|Light Rail Transit Association - UK Development Group
Discussion Document No 029
This document is published to stimulate discussion and does not necessarily represent the views of the LRTA
After many years in the wilderness, the ULR concept appears to be on the verge of a major break-through, both in the field of urban transit and also as a feeder into heavy rail routes. The wide gulf that exists between ULR and a Supertram is reflected in infrastructure costs, at opposite ends of the transit spectrum. This discussion document will examine some of the factors contributing towards this dramatic change in ULR fortunes.
MANY OF THE ULR ADVANTAGES (1)
Although a Supertram is capable of carrying about 250 passengers, a necessity in say Sheffield, such large capacities become a waste of resources on a lightly patronised route. In such circumstances, a large vehicle could only offer an infrequent service, an obvious deterrent to passengers. It does though raise the question of additional drivers and the costs that accompany it. In his article, Trevor Griffin suggests that any extra costs could be balanced against lower axle loads and reduced engineering costs. This in turn makes diversionary tracks a cheaper option than moving the utility services.
The suggestion that buses could do the same job at a lower cost must take into account the proven fact that buses do not attract people.
"AN ULTRA LIGHT TRAM WILL WARM AN ICY HEART" (2)
"John Prescott reckons he can get hundreds, if not thousands, of buses for the price of one new light rail line and a lick of paint on the road to make bus priority lanes - - - ". This quote from Rik Thomas in Tramways & Urban Transit well illustrates the up-hill battle currently faced by advocates of ULR. There are signs though that its proponents are getting their act together and claiming that ULR can offer many light rail benefits at a fraction of the price, and such a small fraction that even "John Prescott's icy heart will warm to the sight of an Ultra Light Tram". These quoted words actually date back as far as December 1998, and still no ULR projects are available to view in any UK town.

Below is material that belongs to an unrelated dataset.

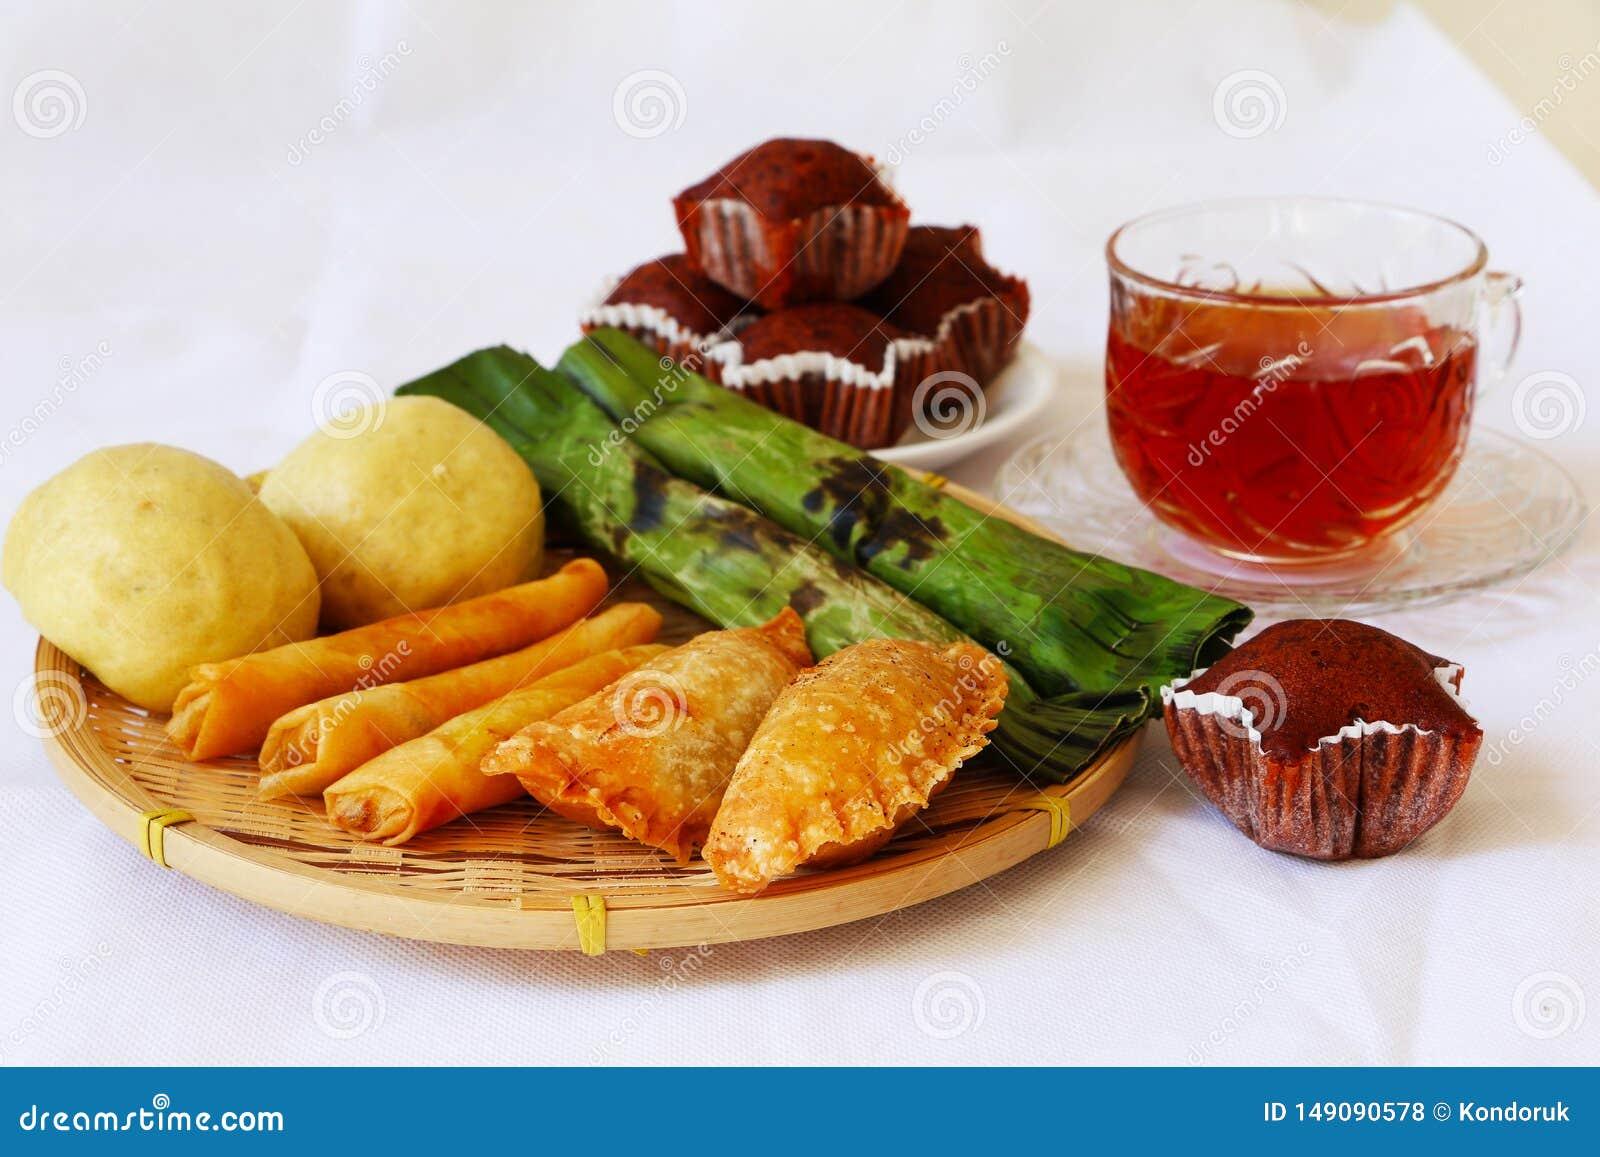 Malaysian Traditional Cakes Kuih Muih Stock Photo Image Of Served Traditional 149090578

ARE THE CARDS STACKED AGAINST ULR ?
Further quotations by Rik Thomas regarding the appearance of David Rowlands (3) before the House of Commons Public Accounts Committee could offer some explanation as to why no ULR scheme has successfully penetrated the many "hoops" and other similar obstacles surrounding light rail projects. ULR, at the low end of urban transit spectrum, was apparently below the £5-m gateway and, no matter how efficient, stood no chance of Government approval.
By comparison light rail, such as 'BIG-BANG' in Manchester, at the top end of the transit spectrum, has failed receive all the money it needed. Truly a paradoxical situation which only those having caused the price escalations can correct.
It has been suggested that the next Local Transport Plans (from April 2006) could see some new thinking from the DfT with the door of opportunities moving slightly in favour of new technologies. This information will be welcomed by Parry People Movers (PPM) and their claim to have developed a ULR vehicle capable of carrying over 100 passengers.
A STUDY SHOWS PUBLIC PREFERENCE IS FOR RAIL
A 2000 study by the then DETR was very revealing in its comparison between bus and rail operation, Quote : "While construction and equipment costs for guided bus can be slightly cheaper, operating costs on a lifetime basis favour the tram against the bus". The study concluded that buses have only a limited impact and that bus priority only achieves small gains. Light rail scores by its commitment and security of route (4). This sounds like a win-win situation for ULR operation as a feeder or a lightly patronised route.
COMMUNITY RAILWAY - A NEW RAIL OPTION
Community railways with new low-cost trains could in future be operating in a manner not unlike ULR models, ground level boarding, simpler signalling, relaxed fencing and foot crossings between platforms. A far from new plan at Stourbridge with ULR technology is expected to extend the branch line service into the CBD and increase patronage by a factor of four.
PPM vehicles use flywheel energy storage, charged during dwell times at passenger halts. A Greek proposal (if built) plans other energy sources such as sodium nickel traction batteries charged by a diesel generating set and driving 2x37-k motors (5).
A narrow gauge tramway in Germany has just acquired some new trams for electric operation over the town tramway and diesel-electric operation on an adjoining railway.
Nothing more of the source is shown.